L’OVB veille à une politique de non-discrimination non seulement dans le rapport hommes-femmes mais tend aussi dans la mesure des possibilités à assurer une représentativité de toute forme de différence. Madame Schlitz, prenez donc courage: l’avenir sera très beau!

Ma réplique

Monsieur le ministre, je vous remercie pour cette réponse. En réalité, ce n’est pas avec du courage que l’on parvient à l’égalité mais en prenant des mesures.

En effet, il y a une tendance à la féminisation. On le dit souvent: on peut faire dire ce que l’on veut aux chiffres. Si nous constatons une féminisation des cohortes qui sortent de l’université, on

observe qu’à 30 et 40 ans, le nombre de femmes occupant le métier d’avocat ou des places dans la magistrature décline. C’est d’autant plus visible plus on monte dans la hiérarchie du système judiciaire.

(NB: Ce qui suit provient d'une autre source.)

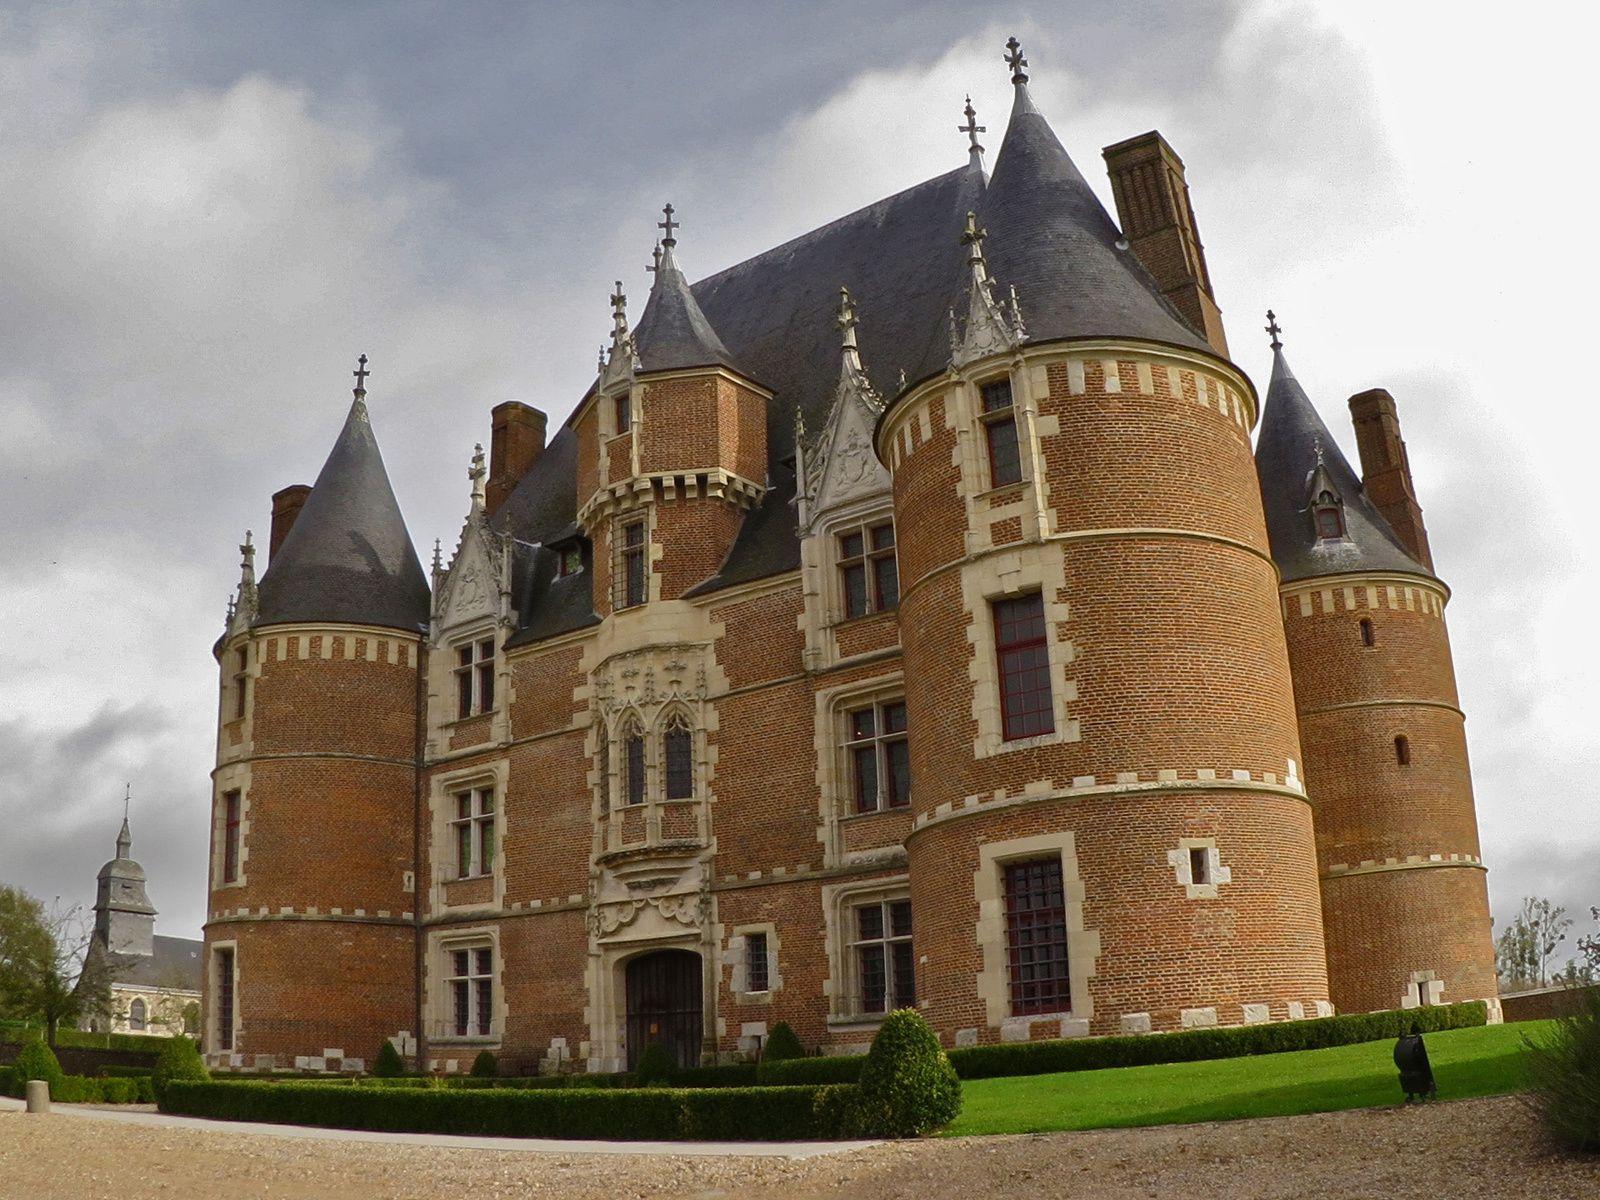 En Normandie, plus d'une dizaine d'édifices du XVIe siècle, tels Auffay, Tilly et Bailleul, se sont plus ou moins inspirés de Martainville. © Photo : Henry SALAMONE

Il me semble important de ne pas nous voiler la face par rapport à ce phénomène et de le prendre à bras-le-corps. Si une femme a été désignée à la Cour de cassation c’est parce qu’aujourd’hui, on a instauré un quota. D’autres quotas devraient être instaurés à d’autres niveaux.

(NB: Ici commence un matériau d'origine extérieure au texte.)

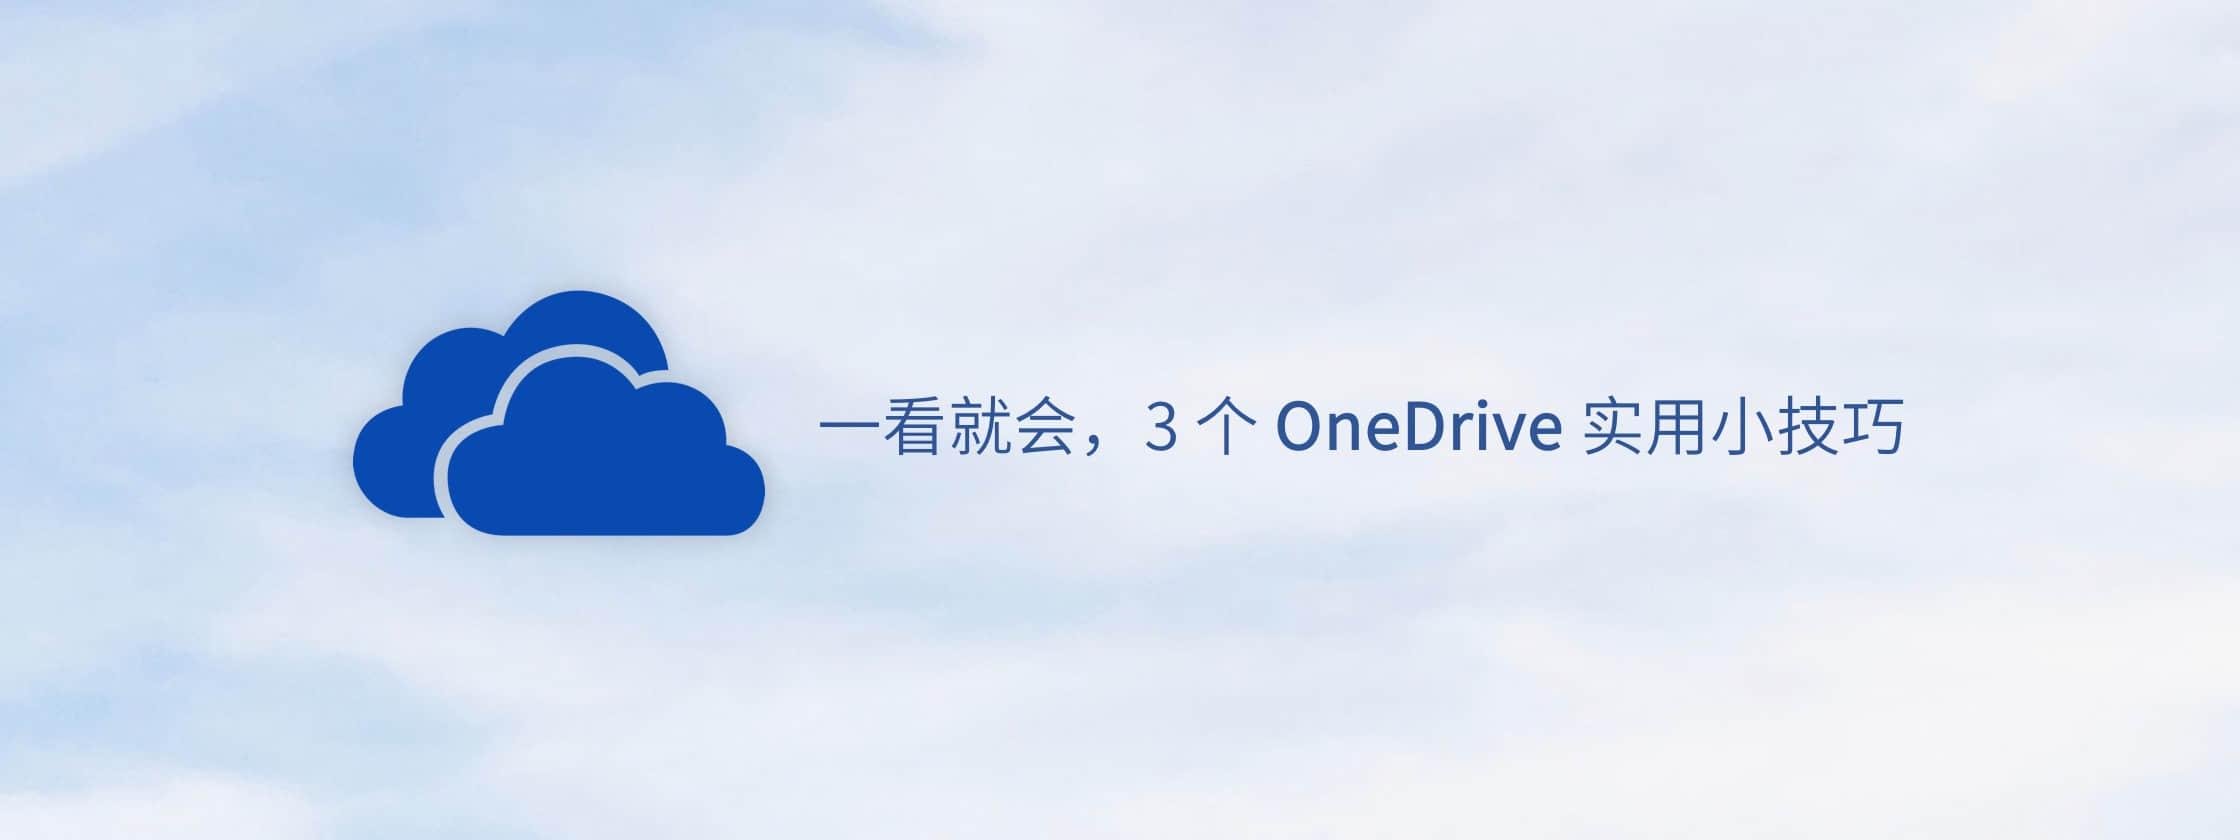 入手正版 Office 后的 1 TB OneDrive 空间怎么用?3 个能帮到你的小技巧

Une association, la Fem&L.A.W , composée de femmes juristes issues de différents horizons, oeuvre pour soutenir et proposer des solutions pour que les métiers d’avocat et de magistrat se féminisent. L’association a été invitée récemment par le conseil d’administration d’avocats.be qui se rend compte des problèmes de genre. Elle a formulé une série de recommandations dont j’ai fait une sélection, recommandations qui pourraient nous concerner:

  • proposer des conférences par et pour les juristes au sujet de l’égalité dans leur propre milieu professionnel;
  • produire et diffuser des documents relatifs aux chiffres et aux droits des femmes au travail de façon large, sous la forme d’une campagne, par exemple;
  • mener des études de fond permettant d’affiner les diagnostics trop restreints actuellement au vu du caractère multifonctionnel de la non- représentation des femmes dans le monde juridique.

Cela permettrait de compléter les informations dont nous disposons ici car, comme vous l’avez dit, nous ne disposons pas des chiffres relatifs à l’écart salarial, par exemple. Sans chiffres, nous ne pouvons correctement appréhender les problèmes.

L’association propose de formuler des propositions concrètes du type aménagement des horaires et des carrières, mise en place d’une garderie au sein du palais de justice pour mieux concilier vie professionnelle et vie de famille, toutes propositions permettant aux femmes de s’épanouir dans leur carrière tout au long de leur vie.